Фонарь погас. Рядом с Фрезером произошло бесшумное движение воздуха, через полминуты свет включился. А несчастный Яша с трудом поднялся со ступени и едва передвигая свинцовыми ногами, тупо разглядывая яркое пятно на белой рубашке, спускался по стене вниз и как заклинание повторял: «Вот тебе и Маша, вот тебе и дурнушка…»

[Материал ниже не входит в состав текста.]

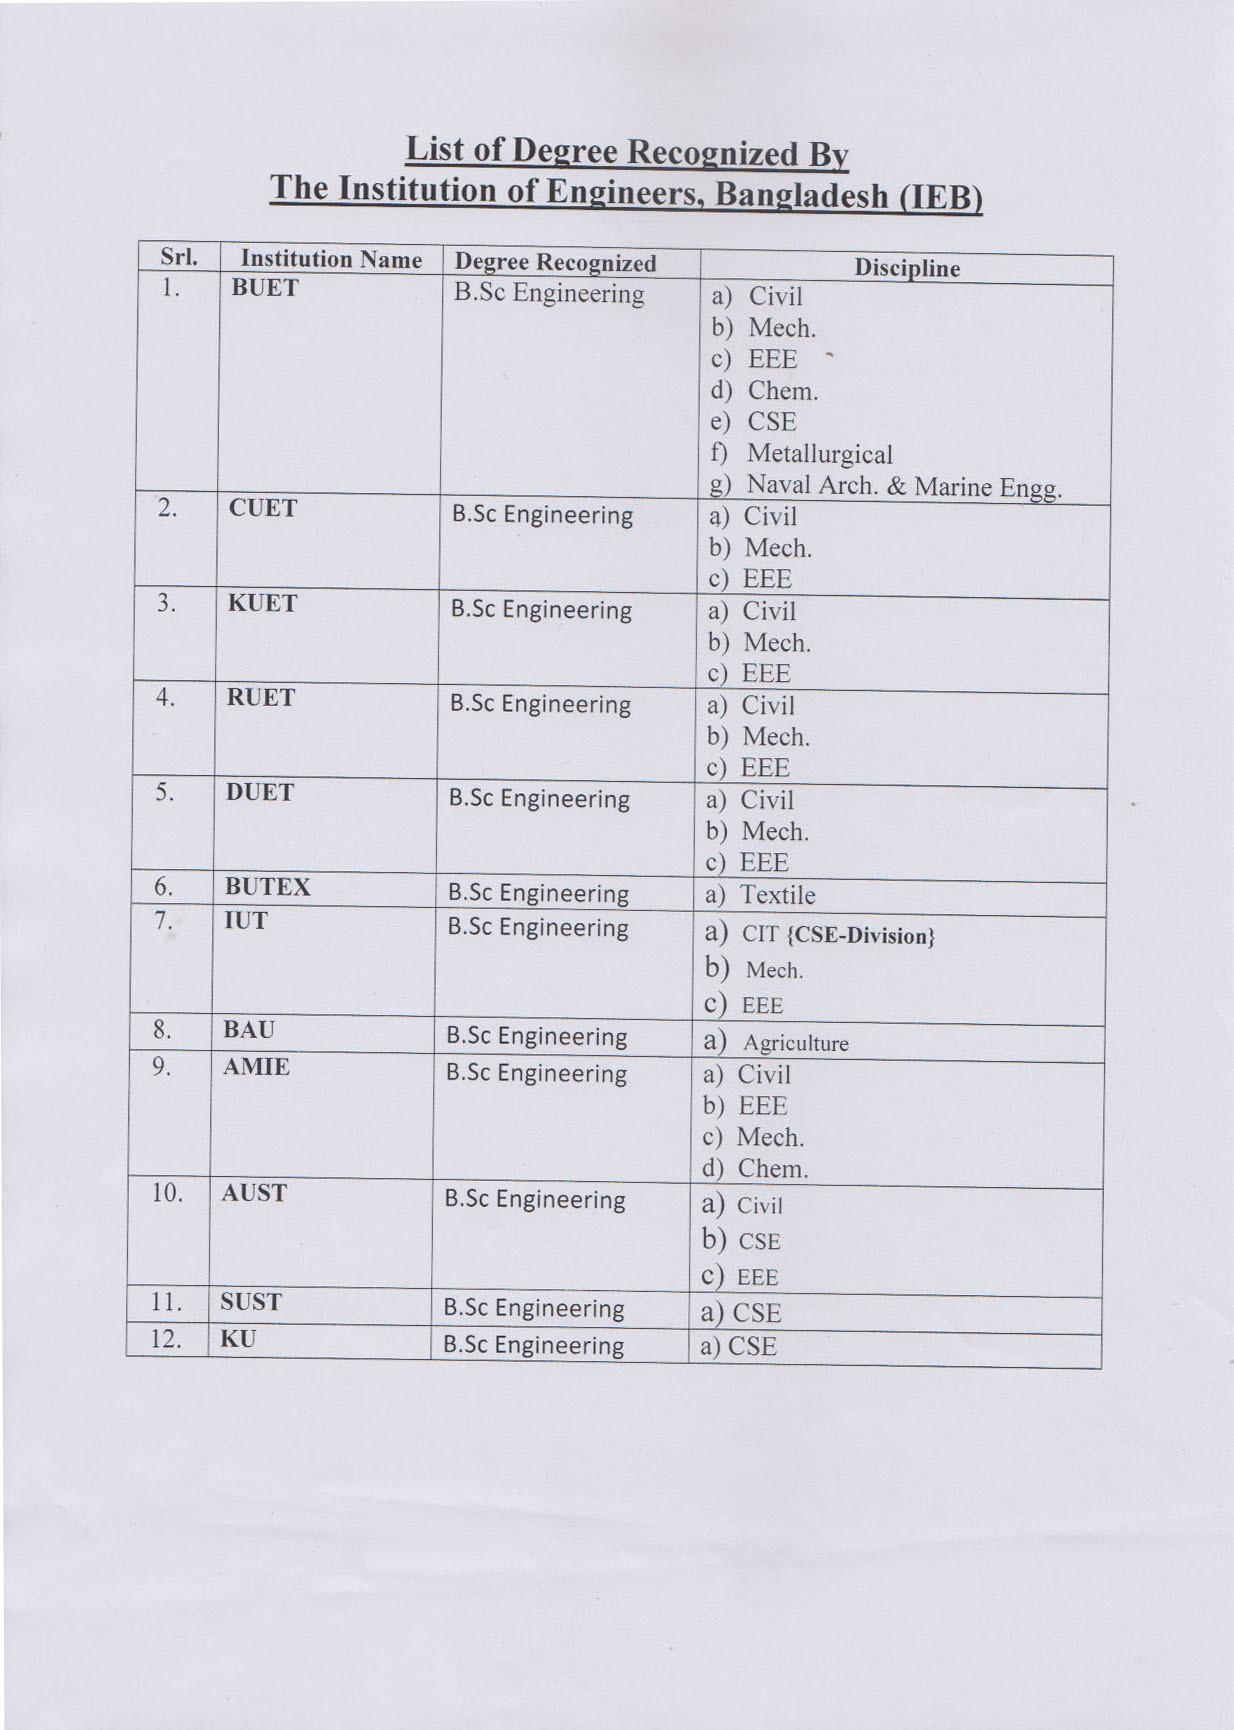 Nanakshahi Calendar March 2019 Recientes the Institution Of Engineers Bangladesh Ieb Of Nanakshahi Calendar March 2019 Más Recientes School Year Calendars School Year Calendars

Следующий день с раннего утра просиял ярким солнцем. Казалось, радовалось всё живое: люди и птицы, кошки и собаки, цветы и деревья. По выметенному и политому двору, сверкающему каплями росы, проходила Маша – и все оглядывались на неё, любуясь внезапно проснувшейся в девушке красоте. А в небе парила в окружении охранного эскорта белая голубка. Маша подняла глаза к небу и помахала голубке рукой, а белоснежная птица снизилась и чуть ли не над головой девушки совершила приветственный круг. И чем‑то они были очень похожи – девушка и голубка…
Кто правит бал
Я приду к тебе на помощь,
Я с тобой пока ты дышишь.
Было так всегда. Ты помнишь?
Будет так всегда. Ты слышишь?
(Алена Свиридова «Будет так всегда»)
— Мариам, – позвал отец, – отчитайся о проделанной работе.
Отец именовал любимую дочь по–разному, в зависимости от настроения и ситуации. Мариам – это когда серьезно и уважительно, Мария – просто серьезно, Маша – не поймешь, Маня – ласково и шутливо, Манасевич–Мануйлов – очень смешно, Малява – нежно–иронично, Малявочка – просто нежно, Марево – печально–задумчиво, Манана – во время дегустации грузинского вина или фильма.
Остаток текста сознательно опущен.